К счастью, Татаров вроде бы не обиделся.
Он обещал позвонить, как только эксперты разберутся с машиной. Следы крови или борьбы и отпечатки, принадлежащие кому-то, кроме Оксаны, – вот что интересовало их в первую очередь.
– Да, чуть не забыл! – Татаров напоследок хлопнул себя по лбу. – Мы хотя бы знаем, что Баренцева не покидала пределов страны. Не зарегистрировано пассажиров с таким именем ни на авиалиниях, ни на железной дороге.
12
Вернувшись в коттедж, временно ставший их рабочим местом, Макар нарисовал схематично Алабушево в виде овала, отделенного от «Серебряных родников» двумя кривоватыми линиями железной дороги, и обозначил точку, где была найдена машина.
– Мы с тобой упустили из виду самый очевидный вариант, – сказал он.
Бабкин согласно кивнул. Он тоже увидел, где в их предположениях дыра.
– Баренцева никуда не шла, – проворчал он. – Она пересела в другую тачку…
– …вместе с ковриком и ножницами, – закончил Илюшин. – И на этой машине могла и до станции доехать, и скрыться в любом направлении. Нам нужно своими глазами посмотреть съемку с ближайших дорожных камер. Она могла сидеть на пассажирском месте.
Бабкин застонал.
– К счастью, не такое уж там оживленное автомобильное движение, – утешил Макар. – Нам нужен промежуток с четырнадцати пятнадцати – самое раннее, когда она могла оказаться в Алабушеве – и, допустим, до шестнадцати часов. Но что заставило ее бросить свою машину? Не заметала же она следы, пытаясь скрыться от семьи?

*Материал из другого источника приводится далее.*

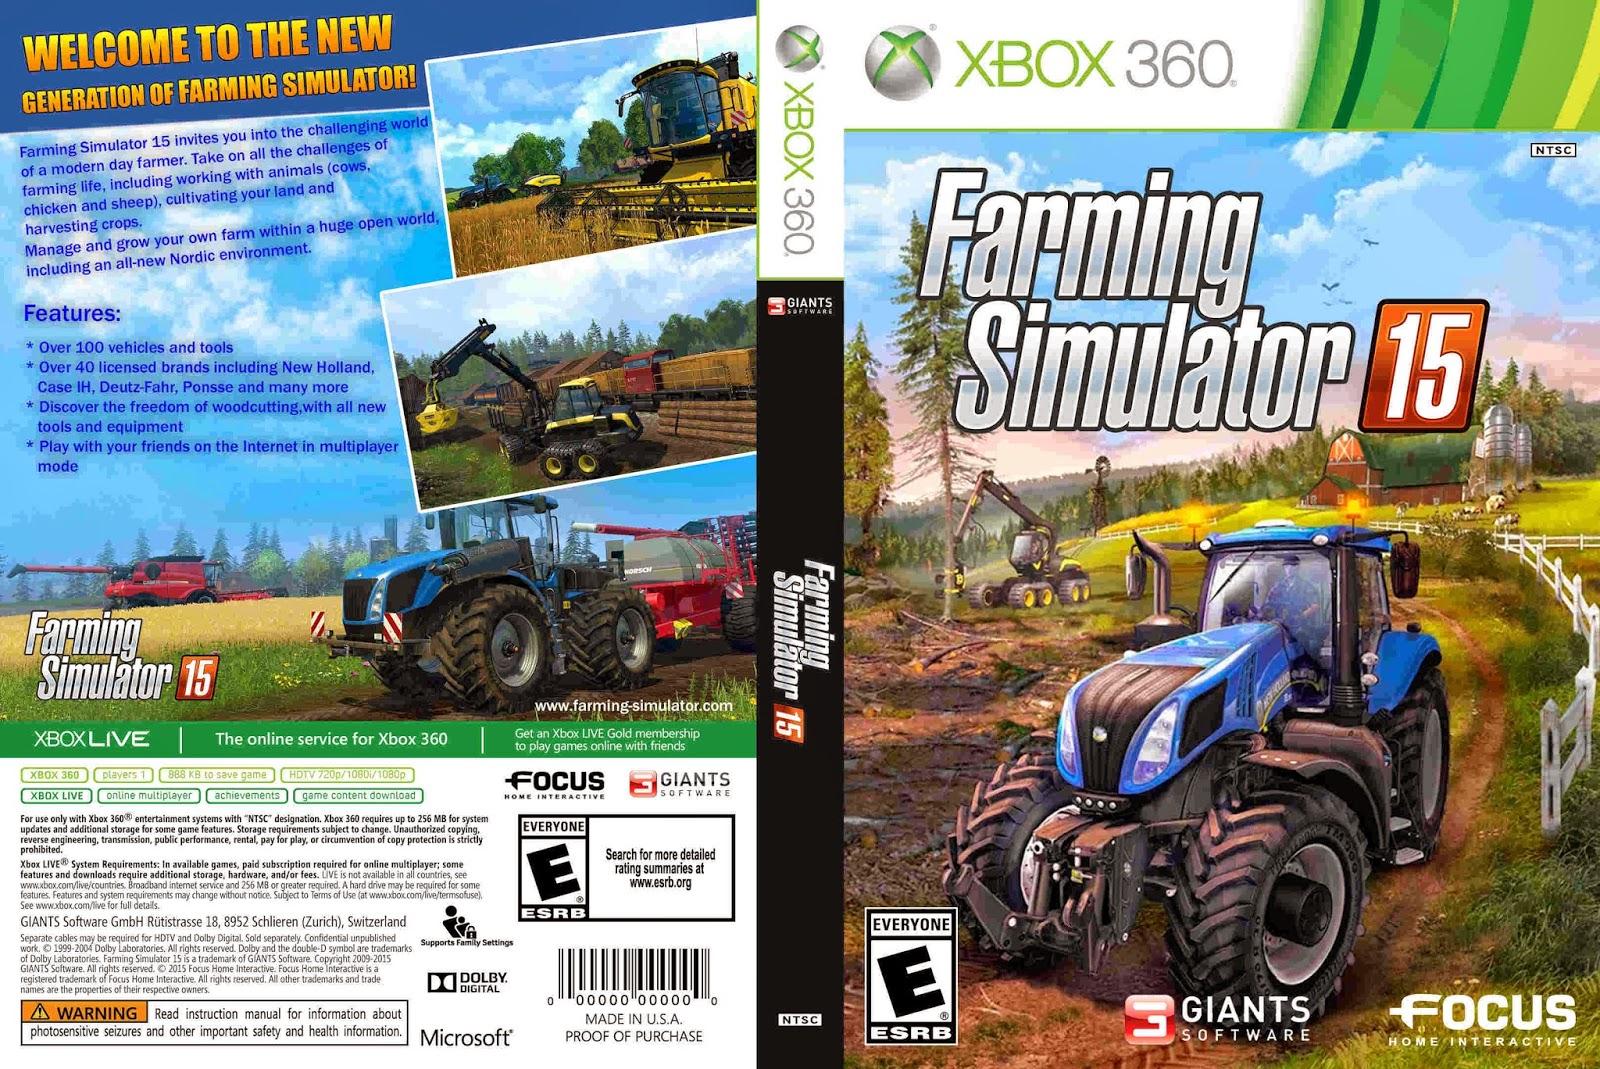 Farming simulator 15 xbox 360 game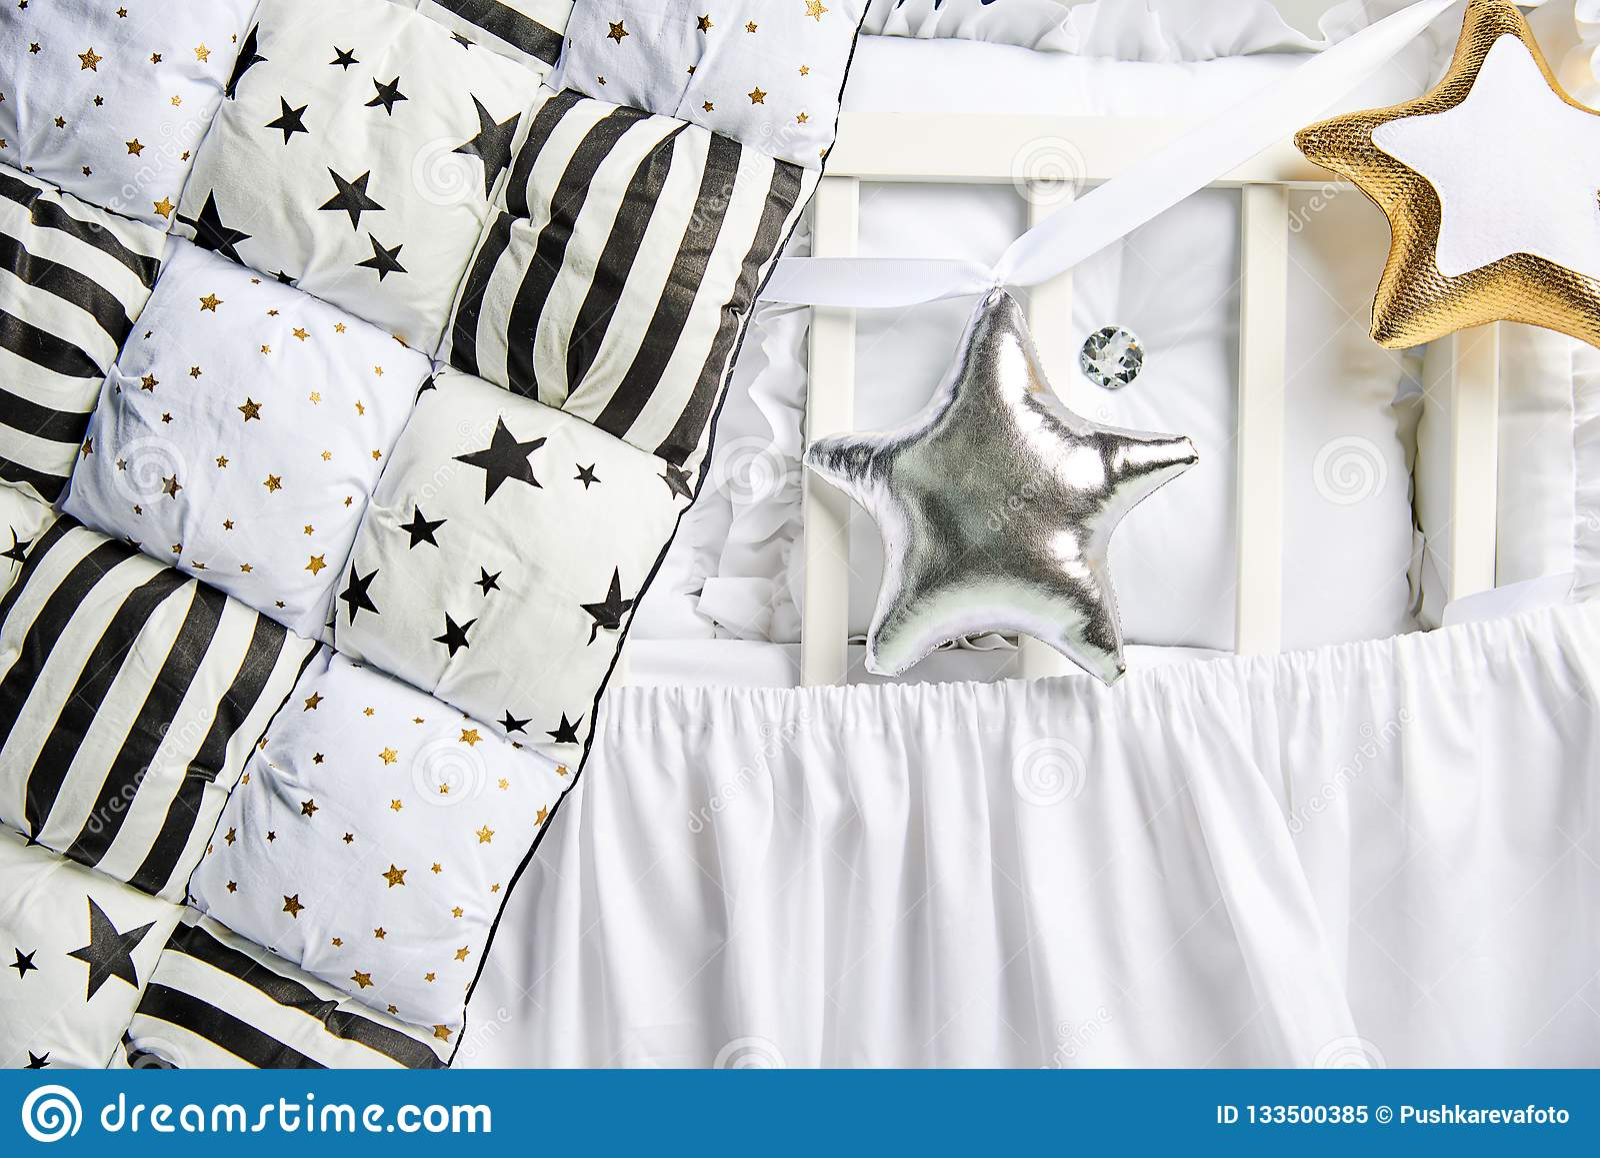 Звезда серебра и золота сформировала подушки и одеяло заплатки на белой кроватке младенца

Сергей молчал. Он представлял, как Маша идет по деревне, – не селу Алабушево, пыльному пригороду, а настоящей русской деревне, где дома с наличниками, амбары, пьяницы и гуси, – идет в длинном платье до пят, а на голове у нее, допустим, зеленый платок. Или синий. Нет, лучше зеленый – пойдет к глазам и ее мягкой золотой рыжине. Вокруг крапива колосится! Иван-да-марья цветет! Буренки доятся! Молоко звенит, ударяясь о стенки подойника! А Маша подходит к нему, сияя, и ласково говорит:
– …что-то смущает меня твоя привычка вырубаться во время серьезных производственных совещаний.
Сергей дернул головой и пришел в себя.
– Не вырубаться, а проваливаться в дремоту, – проворчал он. Макар, подлец, вырвал его из чудесного сновидения. – Забыл спросить: тебе удалось поговорить с музыкальной училкой и ее троглодитами?
– Угу.
Такое это было «угу», что Сергей мигом сбросил с себя остатки сна и приподнялся на локте.
– Что-то выяснил?
Макар отрицательно покачал головой.
– Она держит язык за зубами, и дети тоже. Я даже не могу понять, известно им что-то, или это отработанная стратегия на все случаи жизни.
– Может, Татаров их разговорит?
– Сомневаюсь. Ни Татаров, ни следователь. У тебя может получиться.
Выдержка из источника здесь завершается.